• **Data block**:
-- Opening Marker --

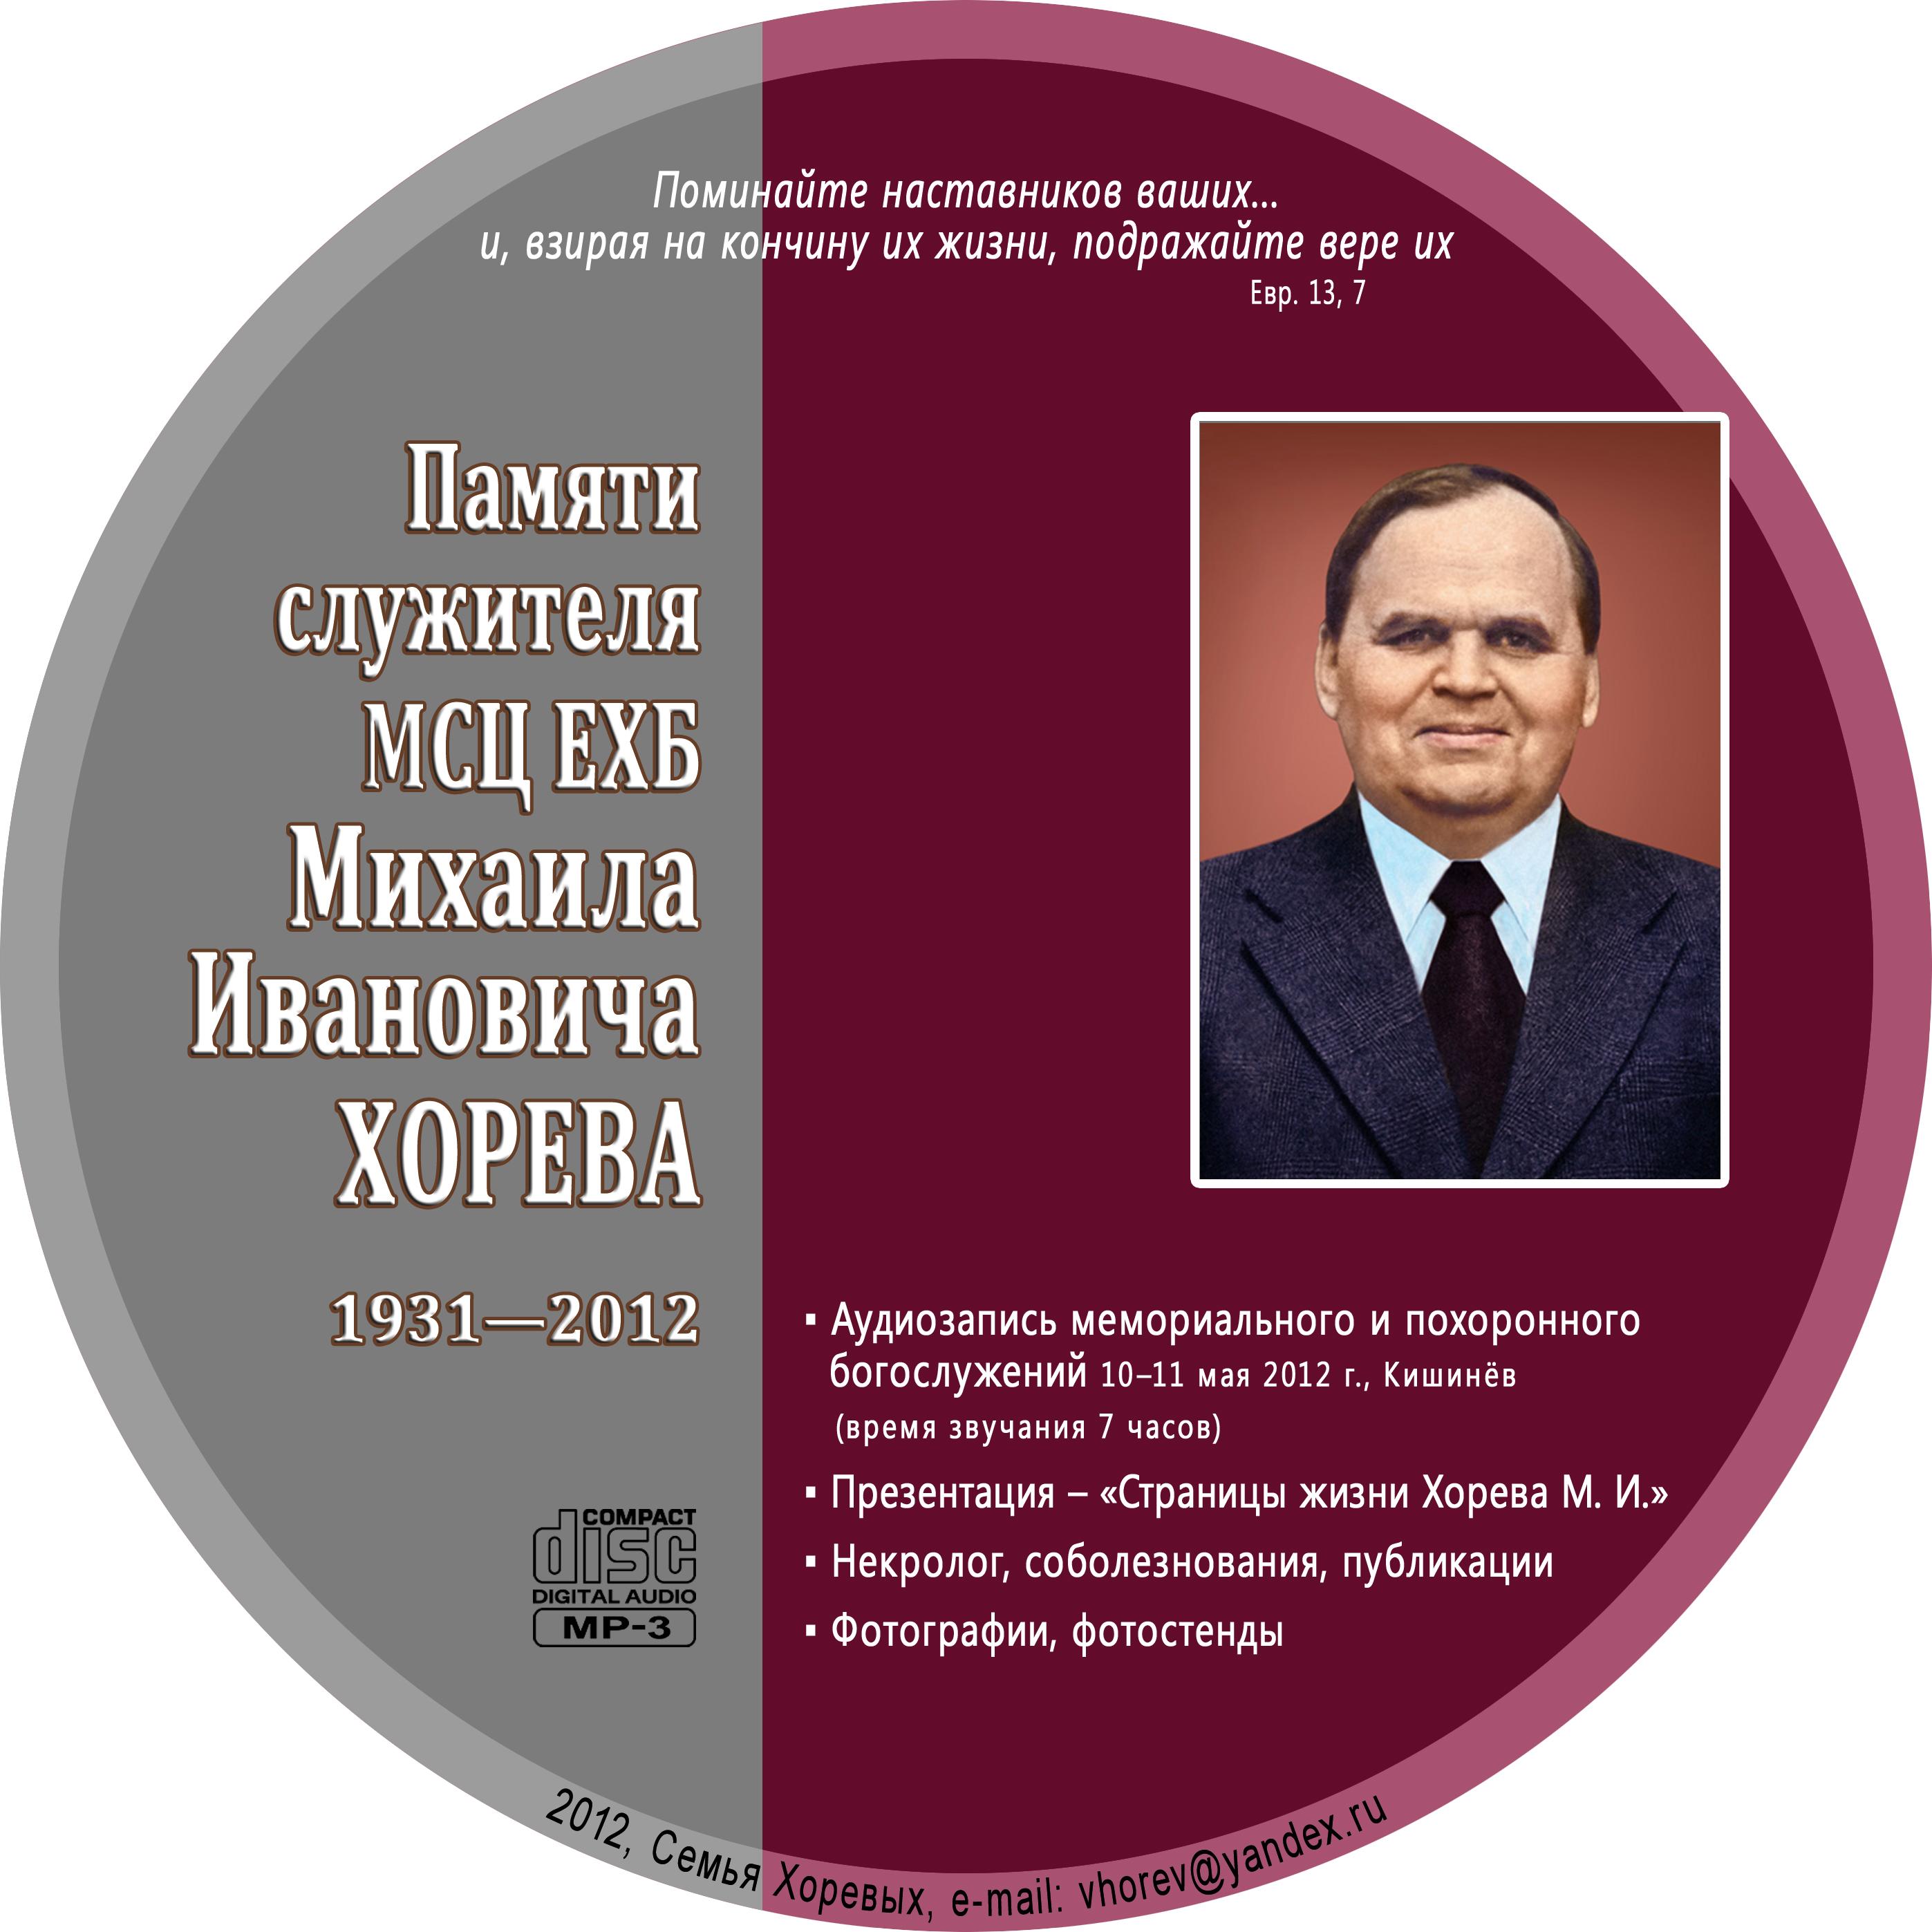 Памяти служителя МСЦ ЕХБ Михаила Ивановича Хорева 2012
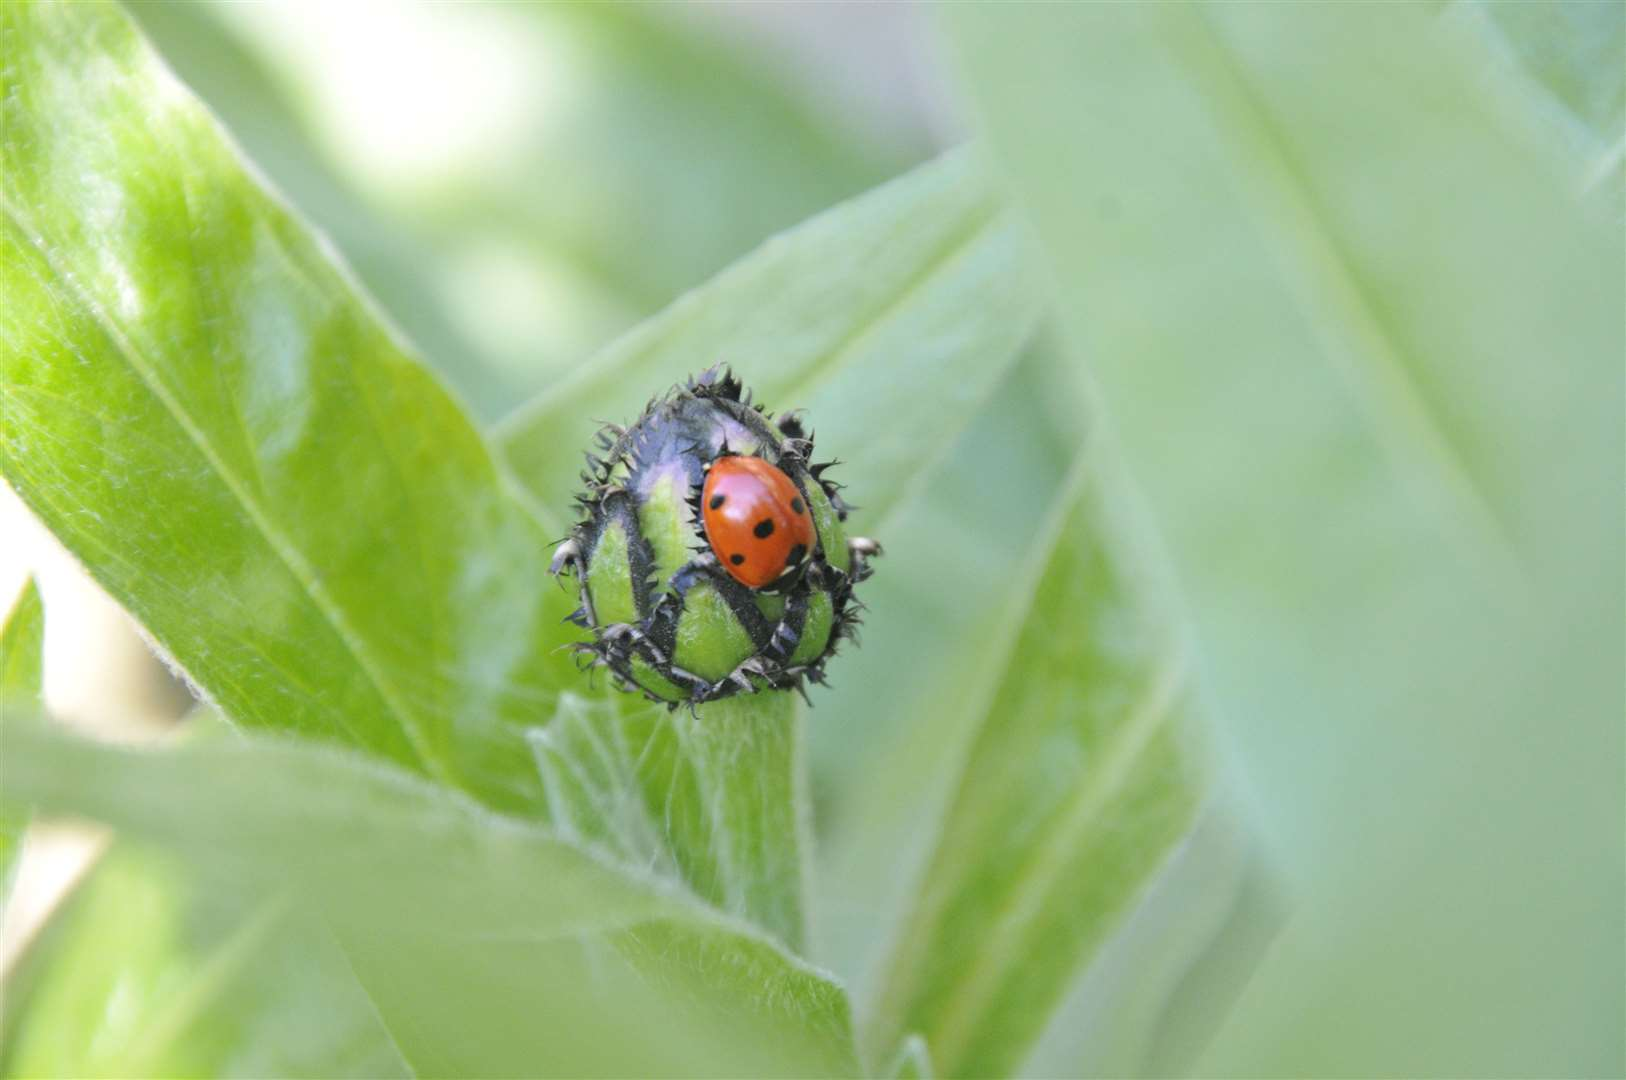 Seven-spot ladybird on cornflower bud (32231652)
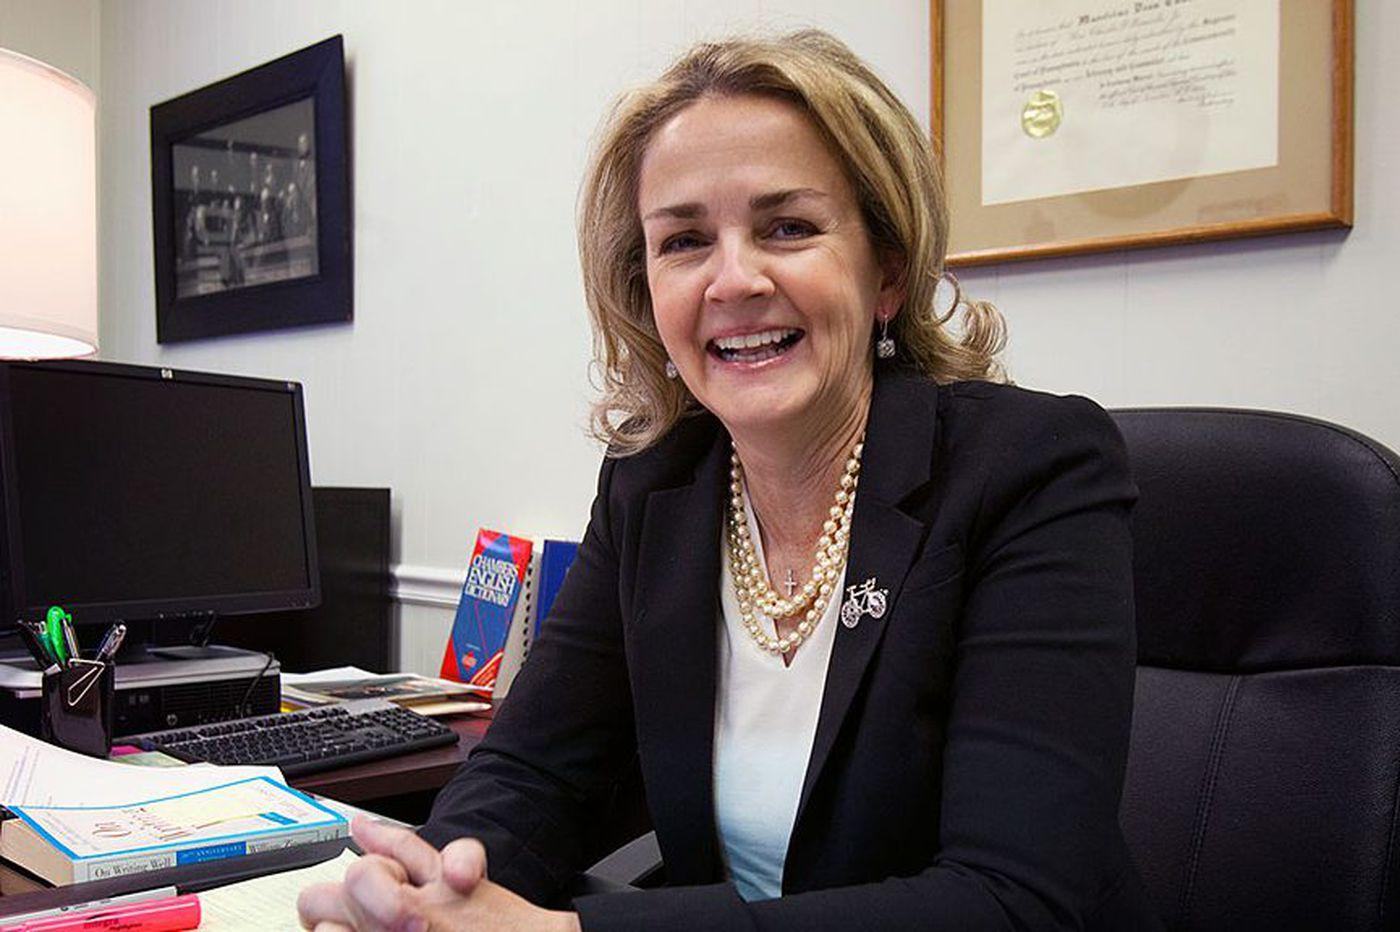 Madeleine Dean best Democrat for Pa.'s 4th Congressional District | Endorsement

-- Closing Marker --

• **Work instruction**: The lines to copy run from the one with "Seven-spot ladybird on" through the end of the material. Write them out exactly, leaving out the pictures.

• **Response to this task**:
 Seven-spot ladybird on cornflower bud (32231652)
 Madeleine Dean best Democrat for Pa.'s 4th Congressional District | Endorsement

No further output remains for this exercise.